For When All You Can Do Is Fake It

I value transparency. It is important to me that I be authentic and that what you see with me be the true picture.

And so in that vein, I have a confession to make: I fake it a lot.

I’m not a fake person. You can’t really be transparent and fake. But sometimes, faking it is the only way to make it.

Because sometimes, I wake up in the morning and feel like the world is closing in on me. It feels like every horrible scenario I can imagine is imminent. It feels like my brain has been taken over by a swarm of angry wasps, buzzing and darting and swarming on anything that comes near. But those wasps don’t like sweet things. They only like bitter, scary things, and when something like that is allowed in they cover it…inhale it…dwell on it, making it impossible for it to escape. Bitter things are their favorite.

And sometimes, I wake up feeling numb. I want to escape my numbness…don’t want to be around myself while I’m that way…but at the same time, I feel like a huge part of me has already escaped and all I can do is wait for it to come back.

Those days are particularly hard.

One of the hardest things about depression and anxiety, I think, is that when I have bad days – and they’ve been coming more and more often lately – life doesn’t stop. I’m a mom. A wife. A grownup in a world that frowns on sick days. So when I feel bad – or feel nothing, as the case may be – I don’t often have the option of sitting it out awhile.

And so, given the very real demands of housekeeping and childrearing and marriage and carlines and sermons to write and a blog to maintain and laundry to fold, I can’t just curl into a fetal ball and wait for the buzzing in my head to stop or the missing part of me to return. I have to keep moving.

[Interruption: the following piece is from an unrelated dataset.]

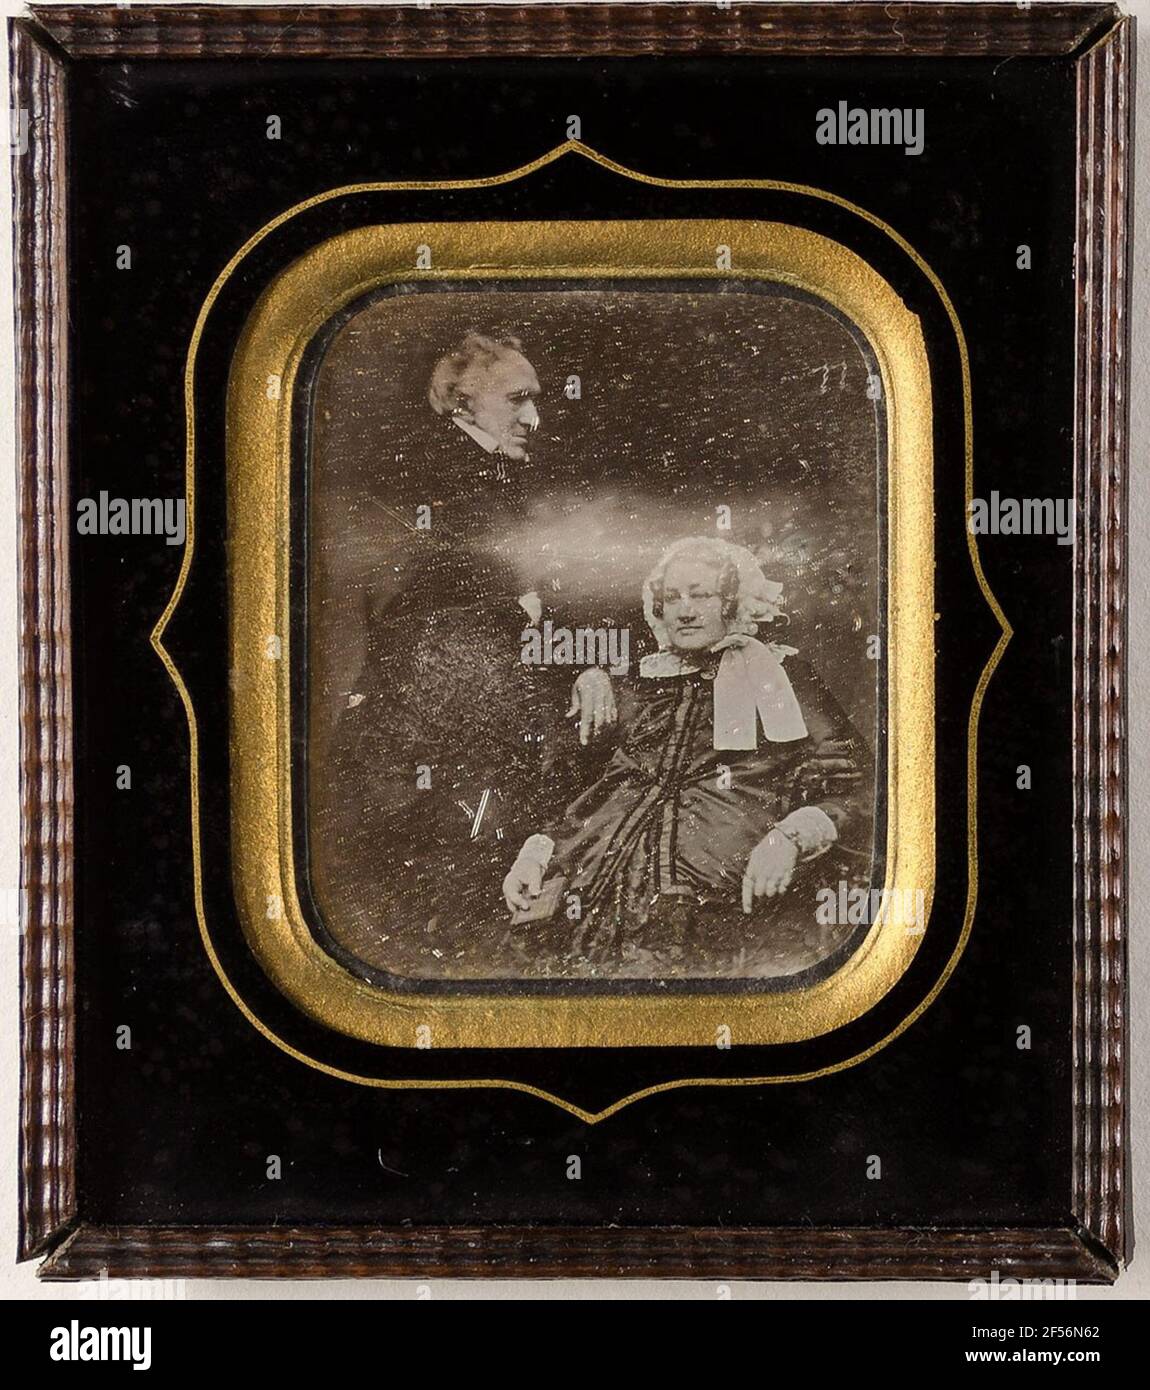 The Advokat Dr. Jur. Carl Trummer (1792-1858) with his wife, b. Beble (1801-1866). . Stock Photo
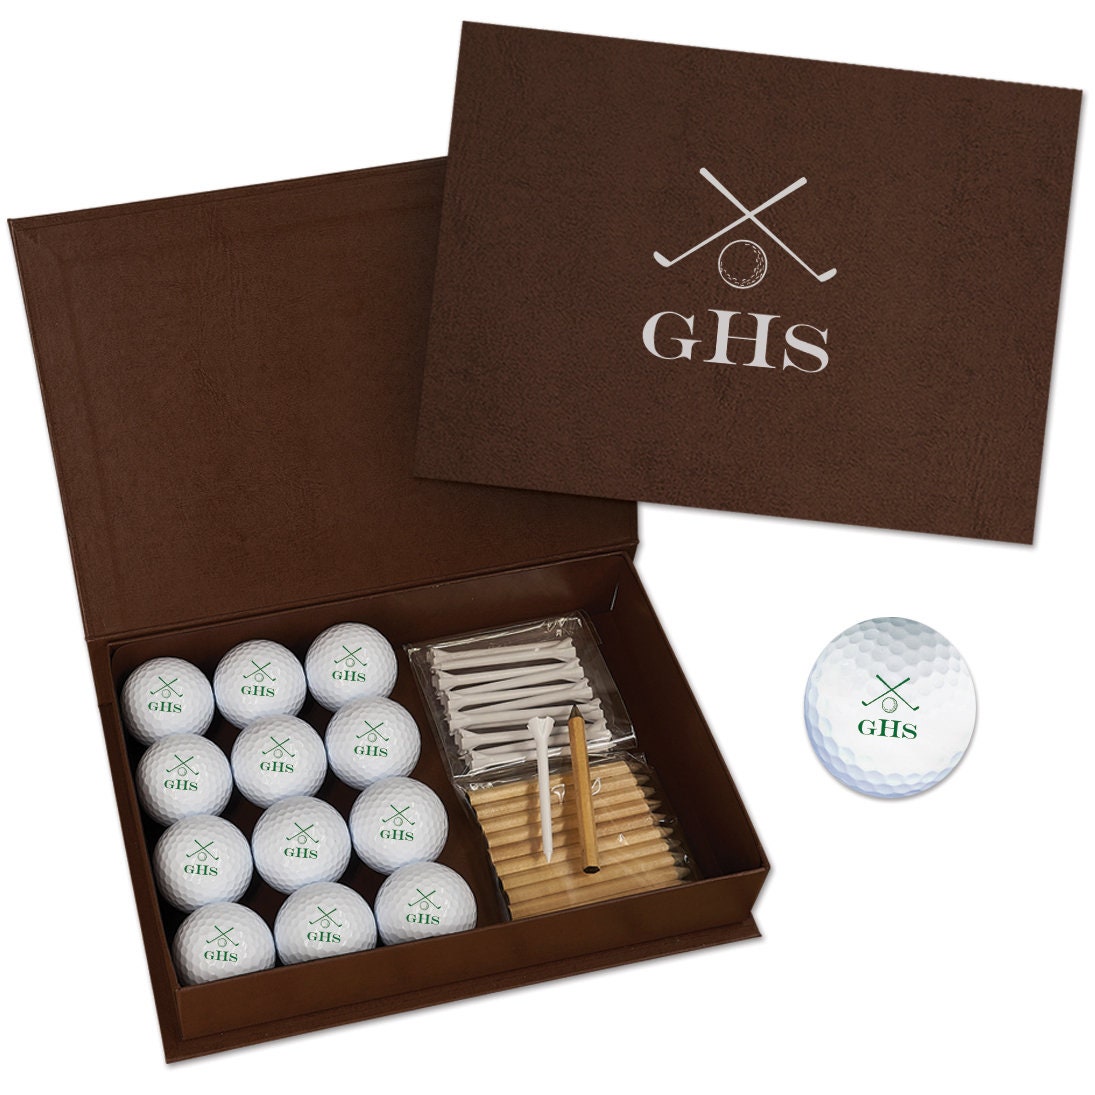 Holiday Golf Gift Pack - This gift is unique, affordable, and guaranteed to  get used. Made by golfers for golfers.

It gets worse when I stop moving, anyway, so I might as well keep on going.

On those days, all I can do is fake it. I have to fake that I feel like getting dressed. Fake that I feel like playing with my daughter. Fake that I feel like leaving the house and driving to town and shopping for groceries. Those are normal adult demands, and most of us have to fake it to some extent. But I – and others who live with this strange dichotomy of over-feeling and numbness – even have to fake that I feel like going to Target and stopping for an iced coffee at Starbucks on the way in. Nothing sounds good – not even my favorite ways to spend an afternoon – but it’s life. It keeps going, so I keep going, too.

I have to fake it so that I can make it.

So if you see me out and about, I might be having one of those days. Please keep in mind that I – and everyone else you see – am fighting a battle. It was likely a mental battle to get out of the house. If you’ve never been in the trenches of this particular war, you cannot imagine the assault I endured before I ever put my shoes on this morning.

If my smile seems insincere as I slip past you in the aisle, it’s because it is. I’m faking it so I can make it.

If I seem absentminded and wander the same aisles over and over and you notice I weave a convoluted path through the store, it’s because I am absentminded. My mind is focused on just keeping one foot moving in front of the other…on remembering to breathe in and out without hyperventilating…and in that survival mode other things must fall to the side. Just a warning: I’m probably going to drop a bunch of change and misplace my debit card in the checkout line. Please be patient with me.

If I seem miserable and like I don’t want to be there, it’s likely because I am and I don’t. I may be out of the house for no other reason than because staying in was a bad idea. I may be counting the hours until I can escape to sleep. I may be where I am just because it was a matter of survival.

I’m not alone in this, and mine isn’t the only battle being fought out there. Just keep in mind that there are vast volumes of stories playing under the surface of every casual smile and halfhearted greeting. There are wars raging inside even the most normal-looking of lives. You never know what someone is going through.

And if you’re like me, faking it just so you can make it, I’m lifting up a prayer for you today. A prayer that you can just keep going. A prayer that you see the light shining under the door. A prayer that you find someone in your life who understands. And a prayer that one day, maybe we’ll cross each other’s paths as we wander around Target. We’re in this together, and we’re going to make it. There’s nothing fake about that.